Figure 1 Frequency of co-occurring aberrations in STK11-mutated patients. Only alterations with a frequency of higher than 1% in the total cohort are reported in figure.

Figure 2 Pie chart demonstrating mutation classification of STK11.

Treatment outcomes for stage I to III tumors

Table 2 describes outcomes for patients who were initially diagnosed with stage I to III NSCLC and received definitive therapy with either surgery or with concurrent chemoradiation. Overall 17 patients received localized therapy (surgery or radiation) with median OS of 8.6 years (SD ±2.1). The OS was similar in all molecular subtypes except for patients with STK11 mutation alone (no KRAS or KEAP1 alteration). Seventeen patients received surgery with 2-year RFS of 70%. Eight patients received definitive chemoradiation with 1-year RFS of 38%. The outcomes were similar across different subgroups by co-occurring mutations although comparative statistics could not be done due to small number of patients in the subgroups.
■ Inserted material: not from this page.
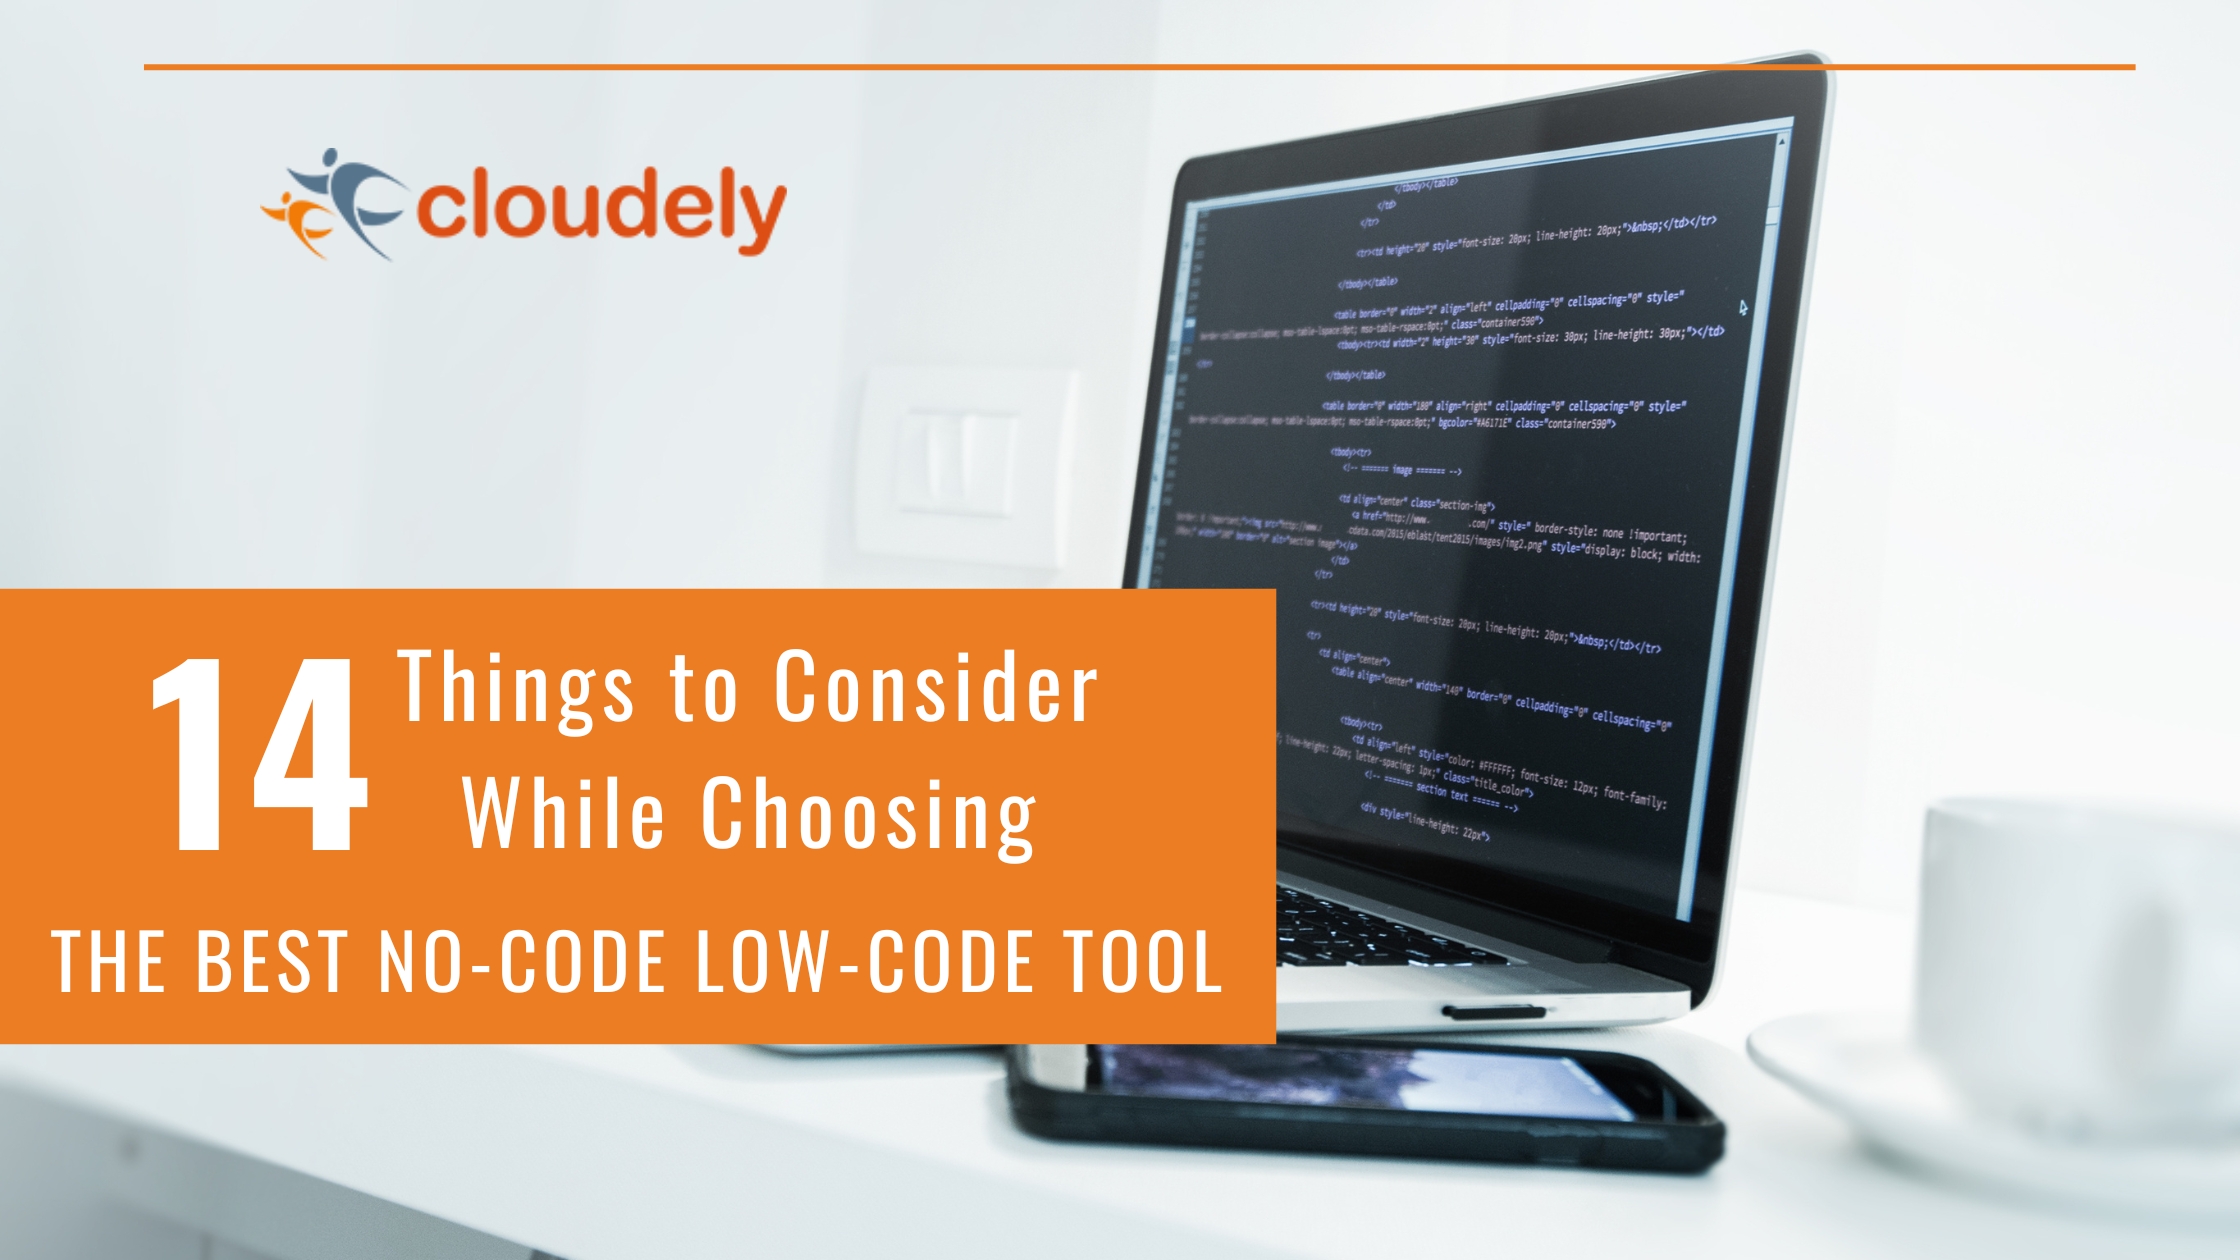 14 things to consider while choosing the Best No-Code Low-Code Tool

Treatment outcomes with metastatic disease

Thirty-five patients developed metastatic disease either at initial diagnosis or after treatment with localized therapy with surgery or radiation (Table 3). About 20% of the patients received no therapy at all due to poor performance status or rapidly progressing disease. Nineteen patients (54%) received chemotherapy as first line of therapy and 6 (17%) received immunotherapy. The overall response to chemotherapy for metastatic disease was poor, with median PFS of 2.1 months and only 4 out of 21 patients continuing on therapy for more than 6 months. Only one patient derived clinical benefit for more than one year and this patient had a co-occurring KEAP1 mutation in addition to a KRAS mutation.

Fifteen patients received immunotherapy, and their median PFS was 3.3 months. Six (40%) patients had DCB of more than 6 months but all had stable disease with no PRs documented. Five of the 6 patients with durable response were KRAS-mutated with 3 having KEAP-mutated and 2 with KEAP-wt tumors. The median OS was worse in tumors with mutation in all three (STK11-mutated /KRAS-mutated/ KEAP1-mutated) at 2.5 months and longest OS was observed in tumors with co-occurring KEAP1 and STK11 mutations. Six of the 15 patients who received immunotherapy had immunotherapy-related adverse events with two grade 3 (infusion reaction and elevated lipase). We also investigated the role of co-occurring TP53 mutation in response to immunotherapy. Of the 6 patients with DCB to immunotherapy, 5 had a co-occurring TP53 mutation including the one patient with co-occurring STK11 and KRAS mutations.

PD-L1 and TMB

We had PD-L1 expression status for only 6 patients who received immunotherapy. Three of these patients had DCB (PD-L1 of 0%, 5% and 90% respectively). Figure 3 shows the Kaplan-Meier curves for median PFS with immunotherapy stratified by TMB (low, medium and high). TMB showed a favorable effect on response to immunotherapy, with median PFS being 1.4 months for TMB <10 mut/Mb and 14.8 months for high TMB ≥10 mut/Mb. Sixty percent of the patients with high TMB had DCB (3 out of 5) while only 1 out of 9 patients with low TMB had DCB.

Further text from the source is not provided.